= The Fox (novella) =

1922 novella by D. H. Lawrence

The Fox is a novella by D. H. Lawrence which first appeared in The Dial in 1922. Set in Berkshire, England, during World War I, The Fox, like many of D. H. Lawrence's other major works, deals with the psychological relationships of three protagonists in a triangle of love and hatred. Without the help of any male laborers, Nellie March and Jill Banford struggle to maintain a marginal livelihood at the Bailey Farm. A fox has raged through the poultry, and although the women—particularly the more masculine Nellie—have tried to shoot the intruder, he seems always to elude traps or gunshot.

== Plot introduction ==
Banford and March live on a farm together because it does not look like they will marry. Although they are only in their late twenties, in that era women who were still single at their age were generally considered to have forgone the prospect of marriage. Banford is thin and frail, in contrast to her companion who is physically masculine. However particular emphasis is given to March's face, which is feminine and expressive. The women are depicted as fearful of femininity and fertility. For example, they sell a heifer before it calves.

The fox becomes a hindrance to Banford and March, but March finds she cannot hunt it, and rather, she becomes entranced by it.
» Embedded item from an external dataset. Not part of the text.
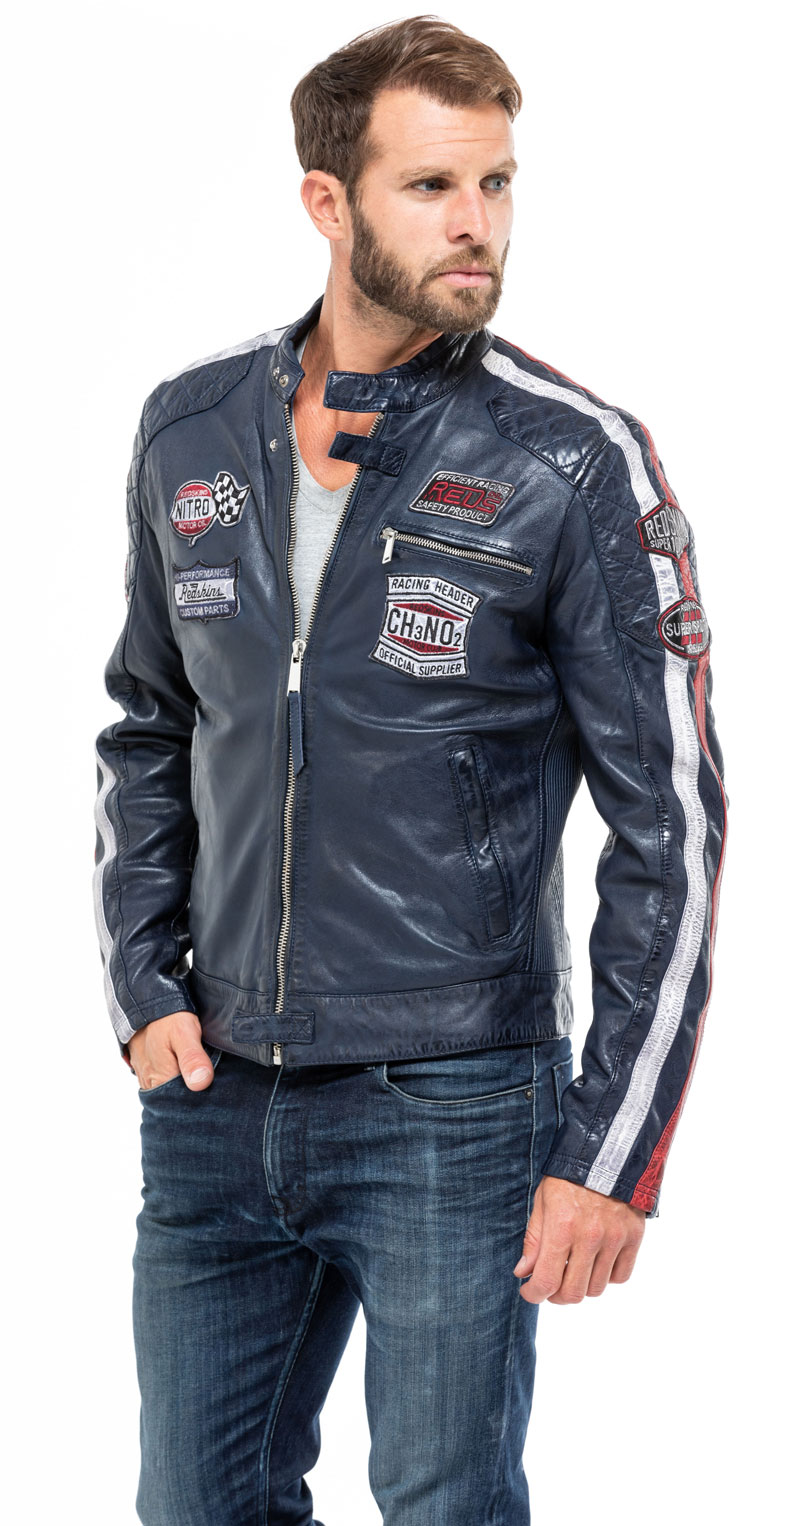 Leather Zipped Jackets Redskins Men Leather Zipped Jacket REDSKINS 48 Men Clothing Redskins Men Coats & Jackets Redskins Men Leathers Redskins Men Leather Zipped Jackets Redskins Men M black

Shortly after this, Henry, a young man, comes to stay with the women, and a link is established between the fox and Henry.

This intriguing novella explores gender roles, sexuality, femininity, and the pity of war, as do two other Lawrence novellas written at the same time, The Ladybird and The Captain's Doll.

==Film adaptation==
A 1967 film was made from The Fox, starring Sandy Dennis as Jill Banford, Anne Heywood as Ellen March, and Keir Dullea as Paul (not Henry) Grenfield.